*Exercise objective:* Once the pictures are removed, restate the data below word for word.

··· Exercise data

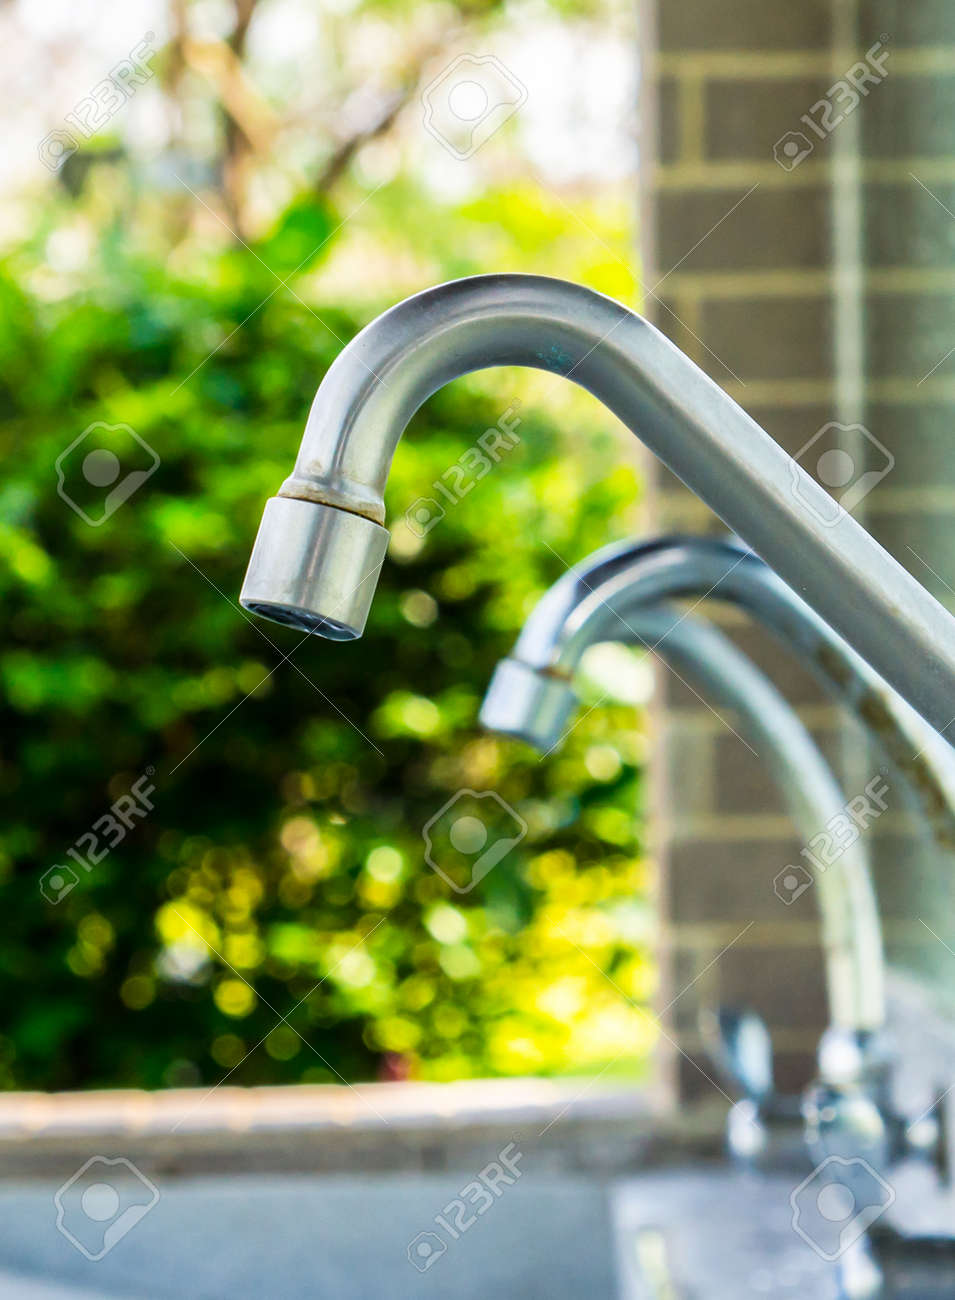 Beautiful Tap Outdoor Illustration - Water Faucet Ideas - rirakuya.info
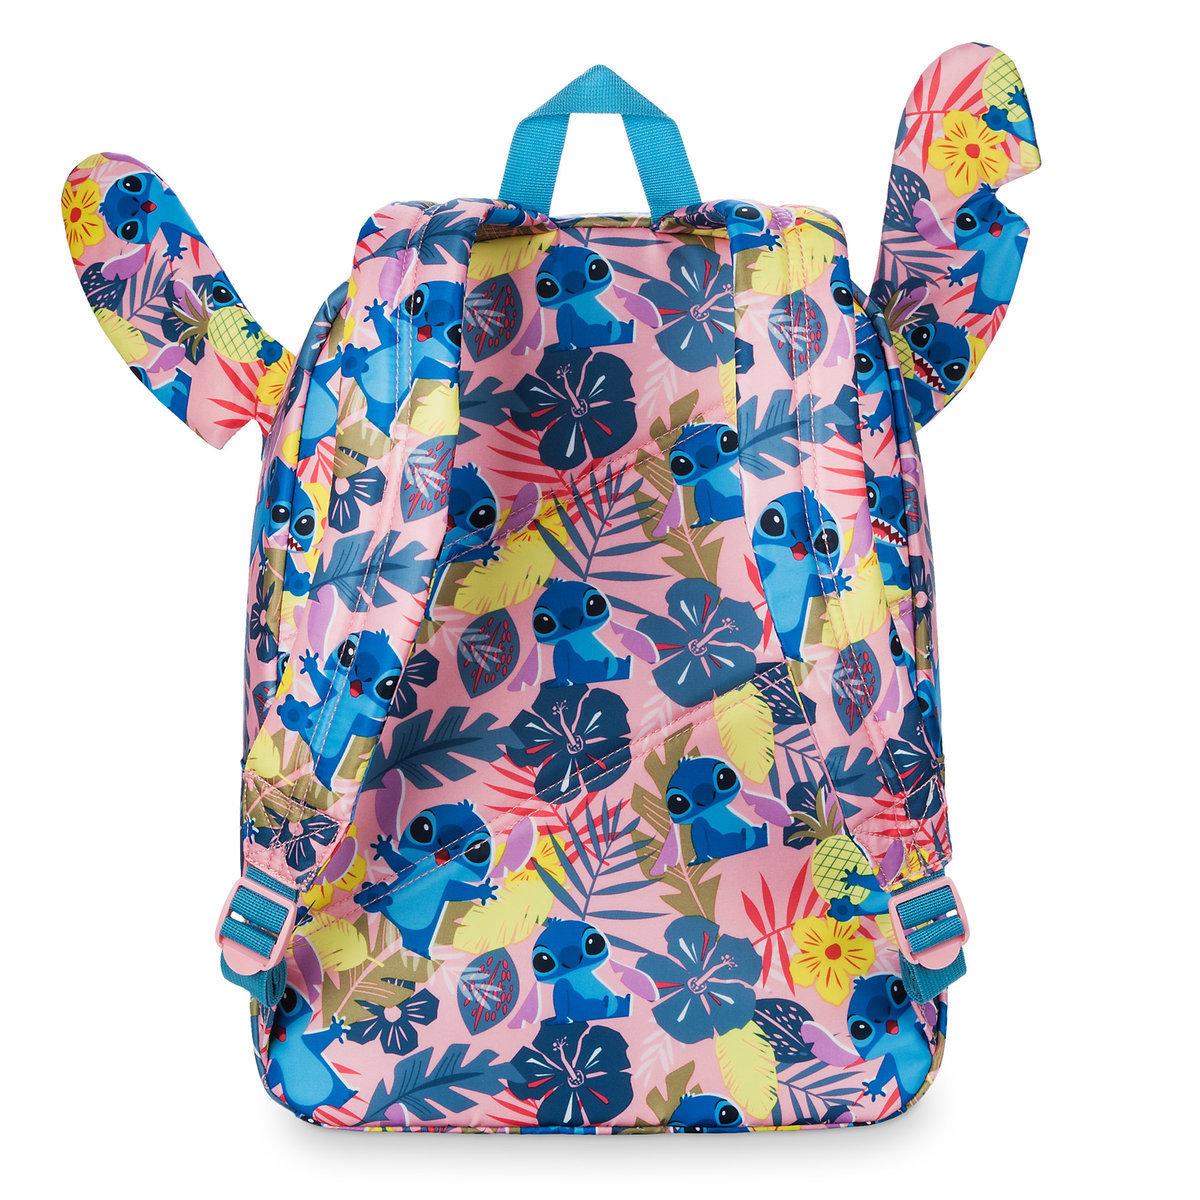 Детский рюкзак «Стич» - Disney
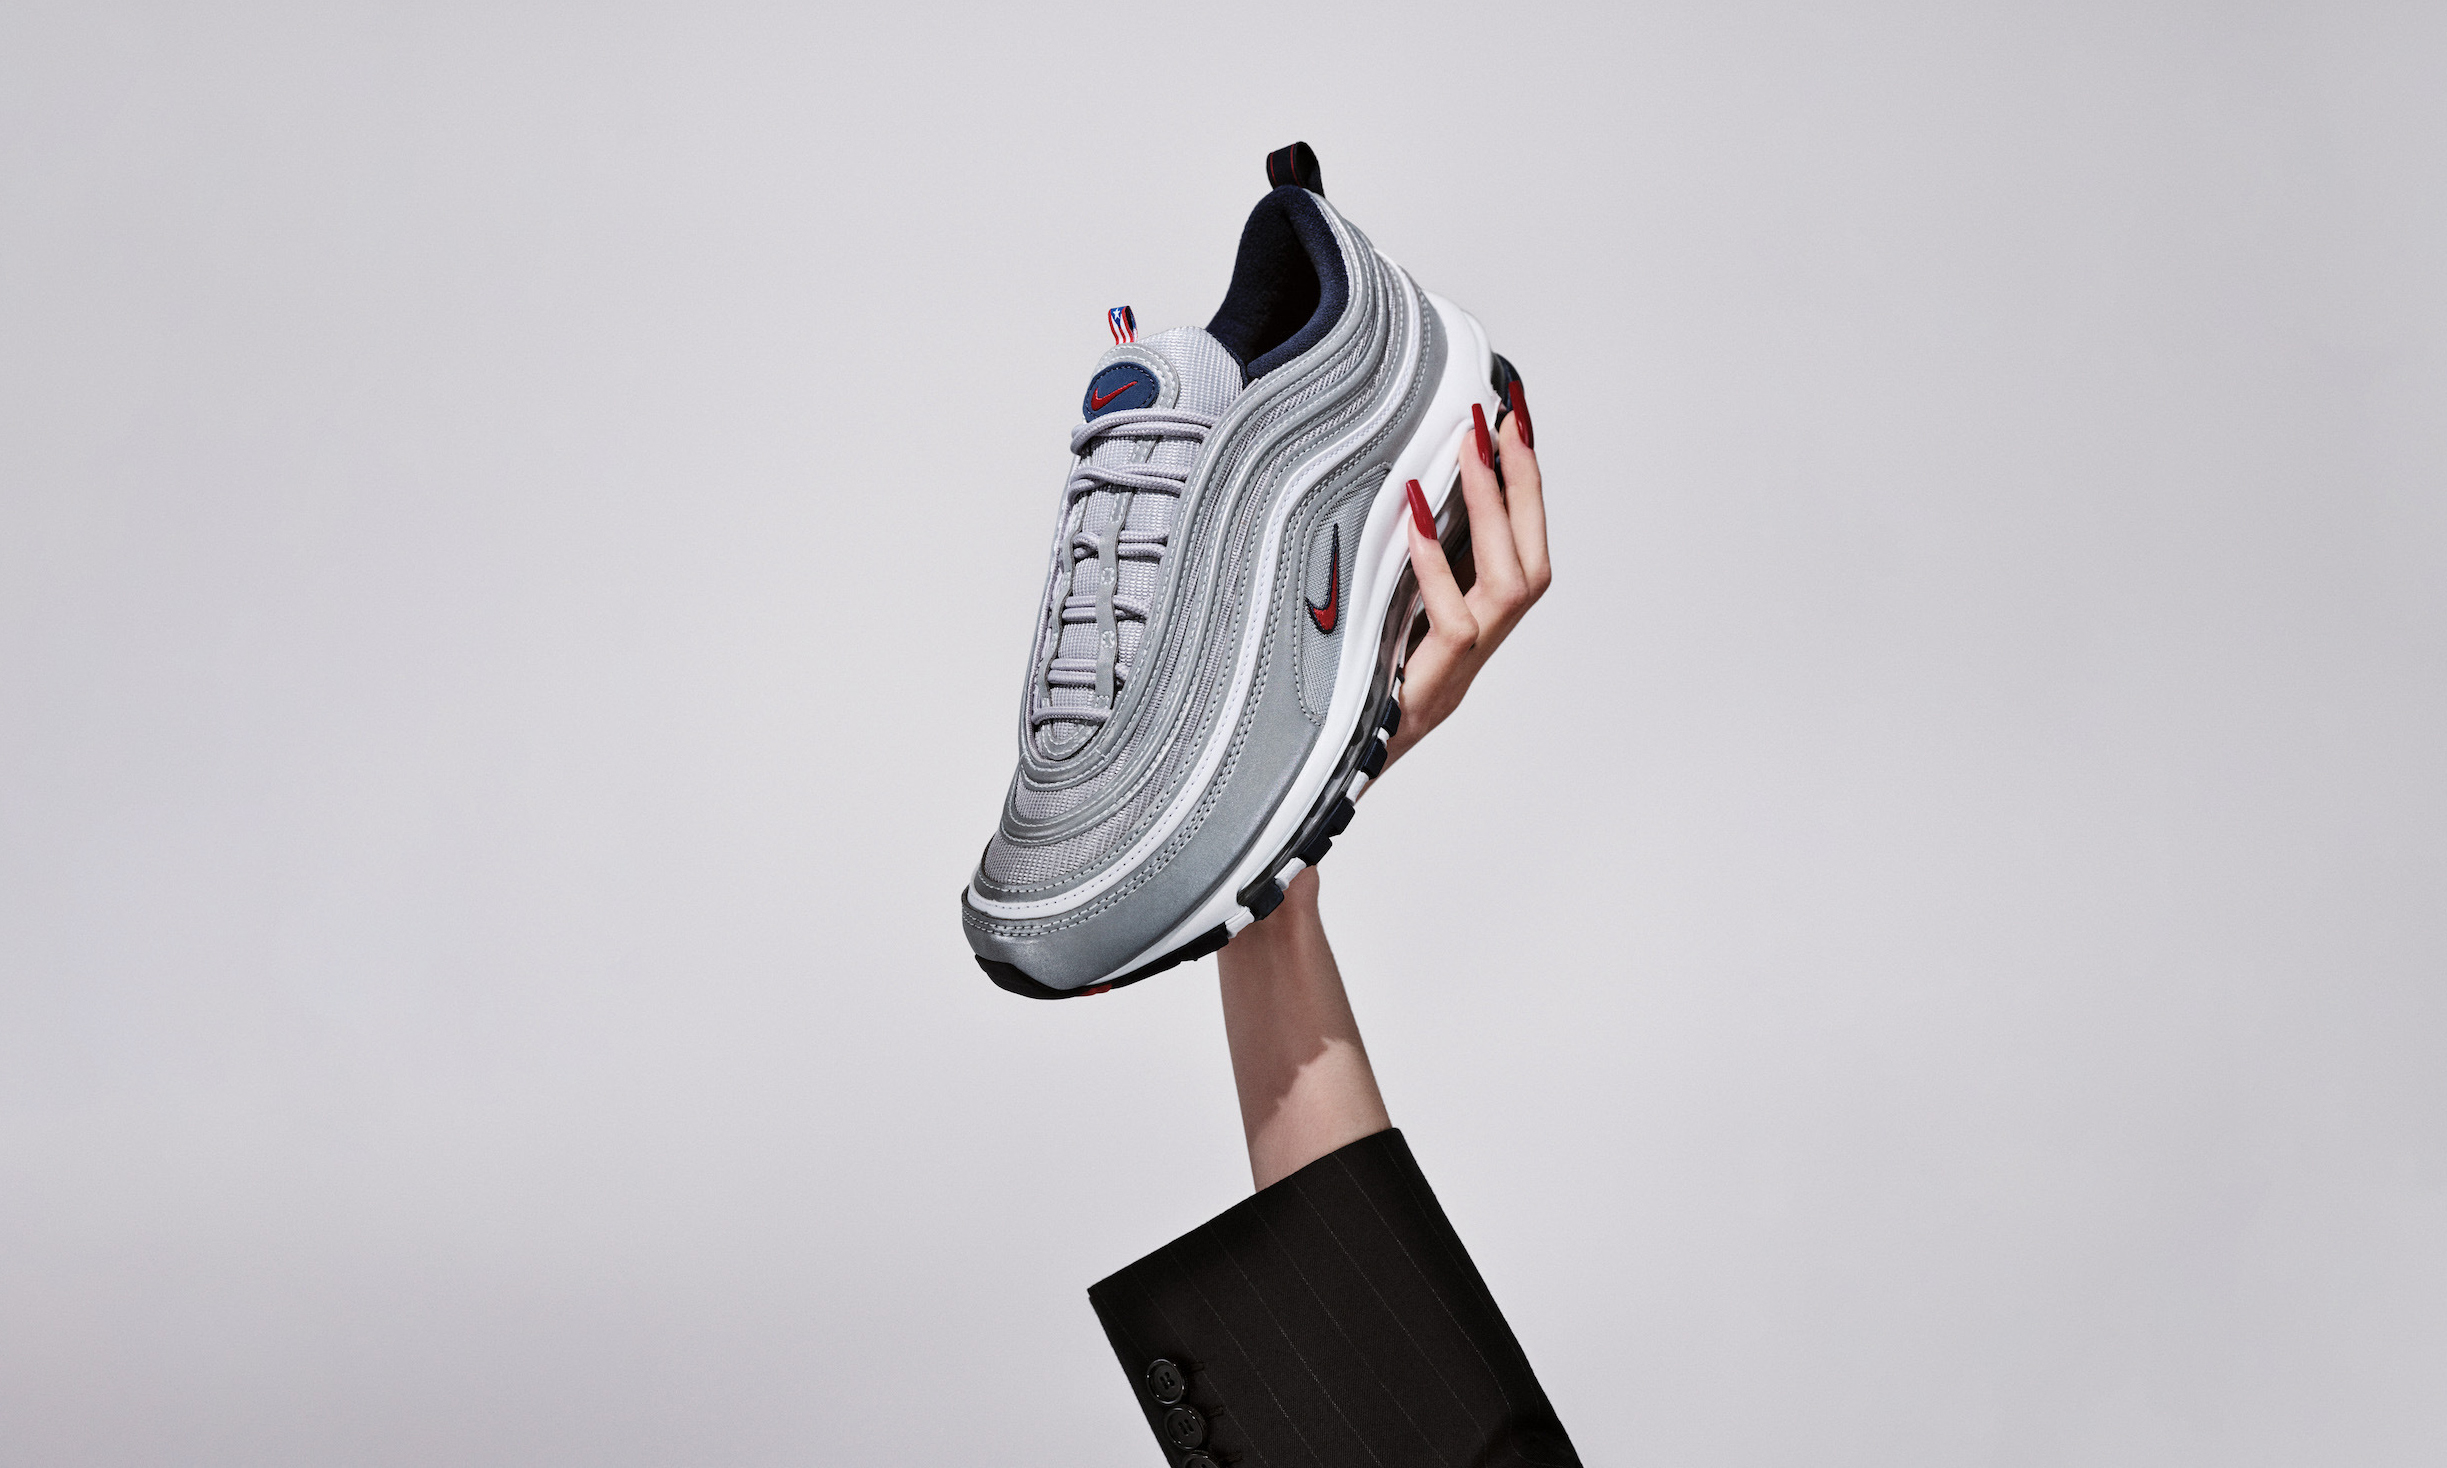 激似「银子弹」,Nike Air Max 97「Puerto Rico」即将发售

······

*Answer for the task:*
 Beautiful Tap Outdoor Illustration - Water Faucet Ideas - rirakuya.info
 Детский рюкзак «Стич» - Disney
 激似「银子弹」,Nike Air Max 97「Puerto Rico」即将发售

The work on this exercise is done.